Mirrobot is an OCR (Optical Character Recognition) bot that scans images for text patterns and provides automatic responses to common issues. The bot is designed to help server administrators manage technical support channels by automatically analyzing screenshots.
Mirrobot offers a comprehensive suite of features designed to enhance Discord server management and provide intelligent assistance:
- Advanced OCR Processing: Automatically scans images for text, supporting multiple languages.
- Intelligent Pattern Recognition: Identifies common issues and triggers automated responses based on extracted text.
- Flexible Response System: Configurable responses linked to patterns, with options for custom text and external links.
- Powerful LLM Integration: Connects to various Large Language Models (LLMs), including local and cloud-based providers, for advanced AI capabilities.
- Context-Aware Chatbot: Provides a persistent, conversational AI experience in designated channels, maintaining conversation history and user context.
- Inline AI Responses: Configurable bot responses to mentions, leveraging LLMs for dynamic and context-aware replies.

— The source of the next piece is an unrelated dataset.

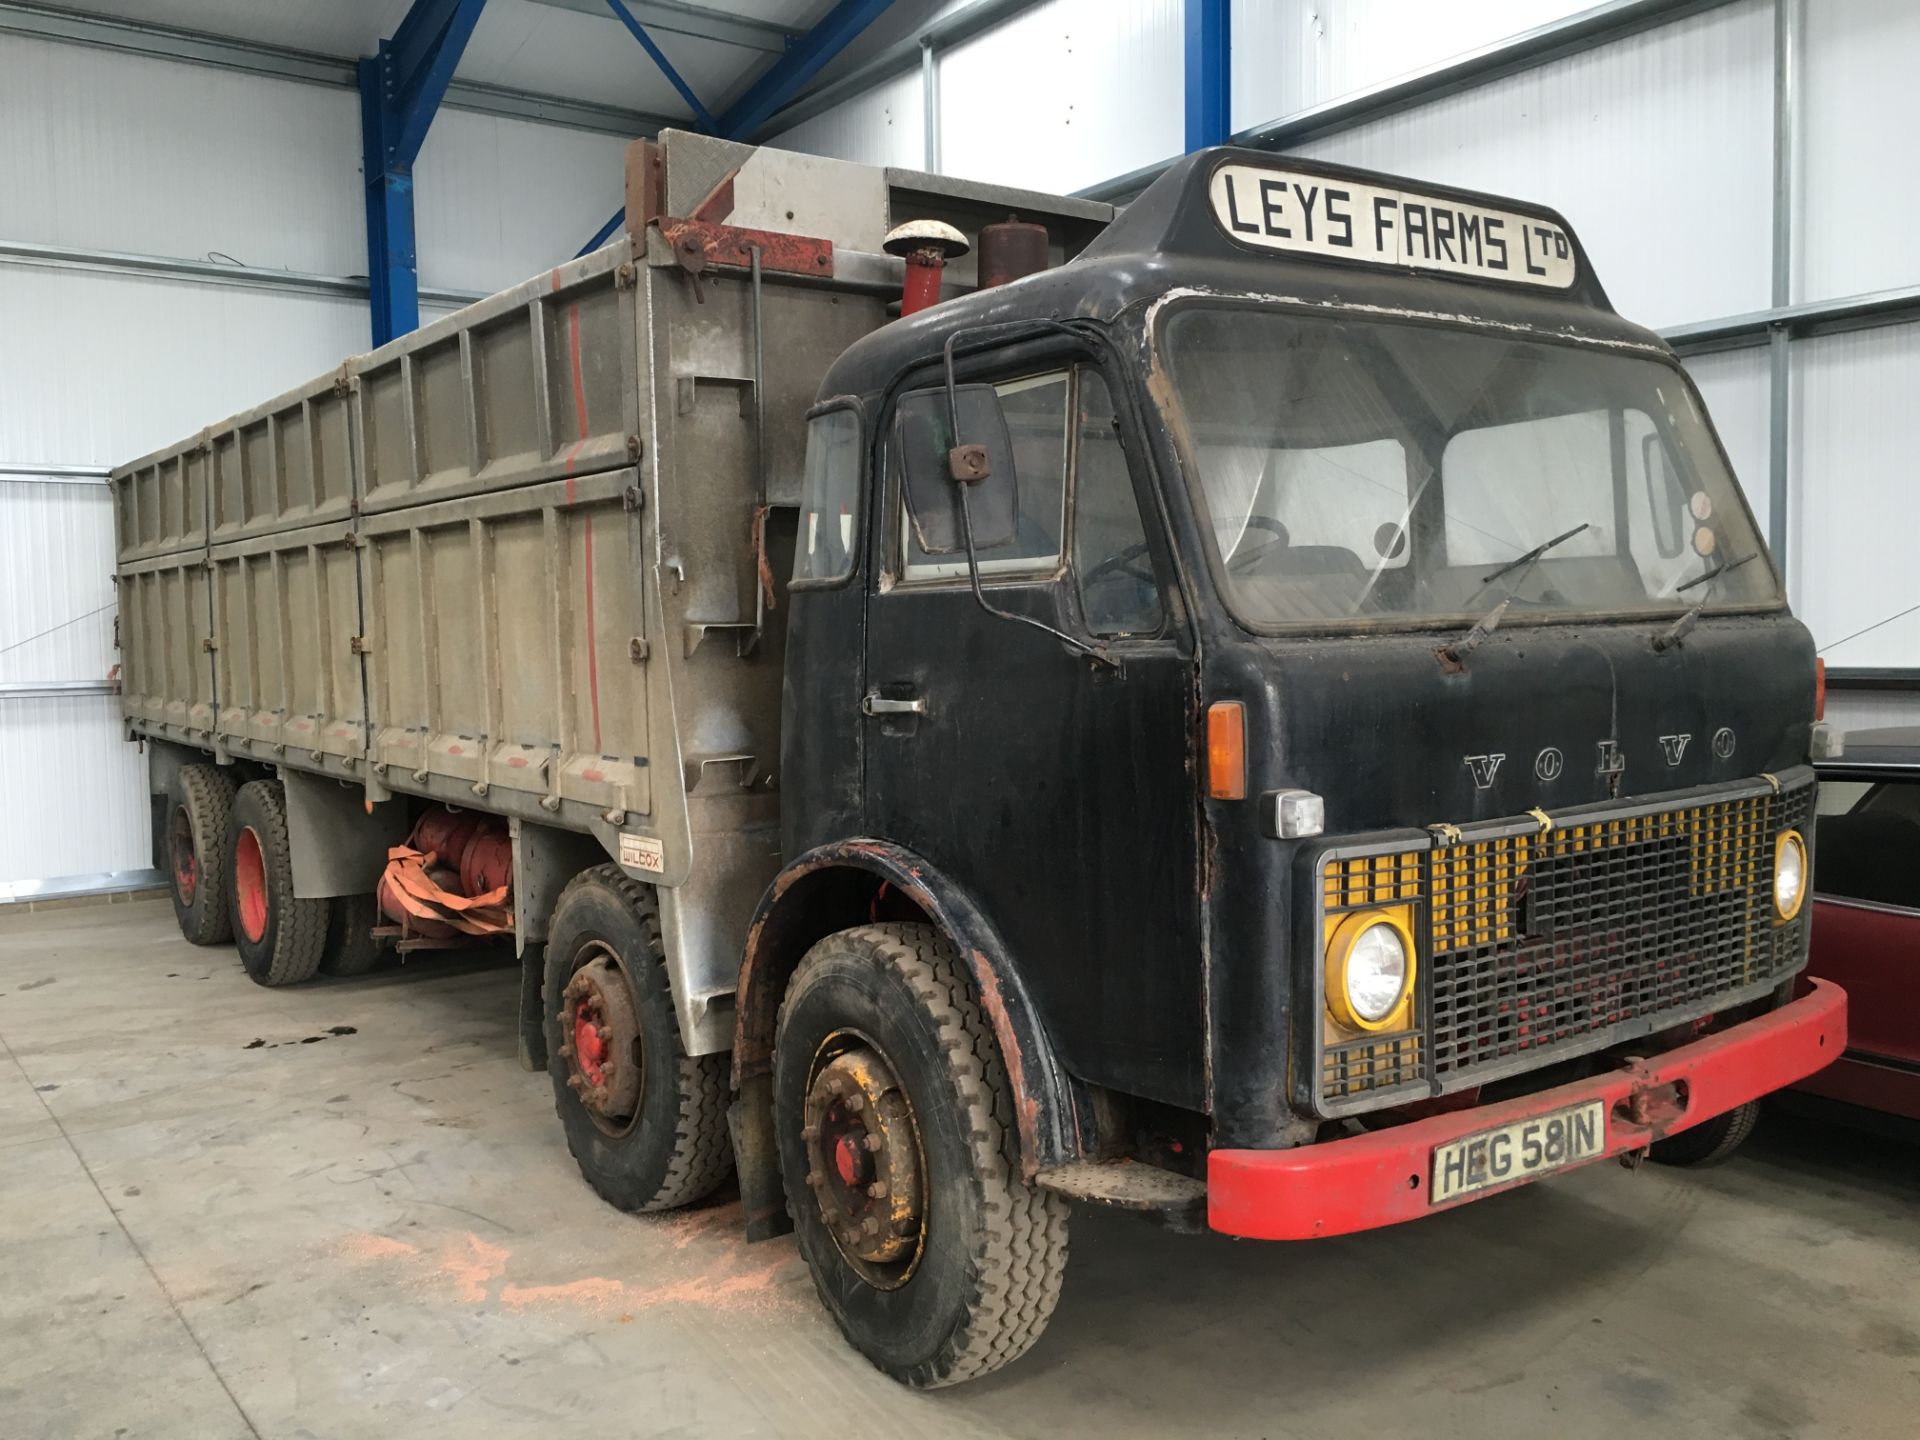 1975 Volvo F86 8 x 4 Tipper Reg. No. HEG 581N Chassis No. AT74028 This F86 is liveried for Leys

- Automated Log Analysis: Scans game log files for known errors and provides instant solutions.
- Comprehensive Thread Management: Automatically purges inactive threads from forum channels, with options to ignore specific threads or tags.
- Granular Permission System: Tiered permission control for commands and categories, including role-based access, user-specific permissions, and a global blacklist.
- Customizable Bot Configuration: Easily set command prefixes, configure OCR channels, and manage other server-specific settings.
- Performance Monitoring & Statistics: Tracks OCR processing, queue metrics, and system resource usage for optimal performance.
- Robust Error Handling: Ensures stability with automatic retries, queue backpressure, and detailed error logging.
- Secure Configuration: Supports environment variables for sensitive data, enhancing security.
- Install Python 3.8 or higher
- Install Tesseract OCR:
- Windows: Download from GitHub
- Linux:
sudo apt install tesseract-ocr - Mac:
brew install tesseract
- Clone the repository:
git clone https://github.com/Mirrowel/Mirrobot-py.git - Install dependencies:
pip install -r requirements.txt - Create a config file:
- Rename
config_example.jsontoconfig.json - Add your Discord bot token and configure settings
- Alternatively, use environment variables by copying
.env.exampleto.env
- Rename
- Download appropriate tessdata language files:
- Tesseract comes with "fast" data by default (fastest but least accurate)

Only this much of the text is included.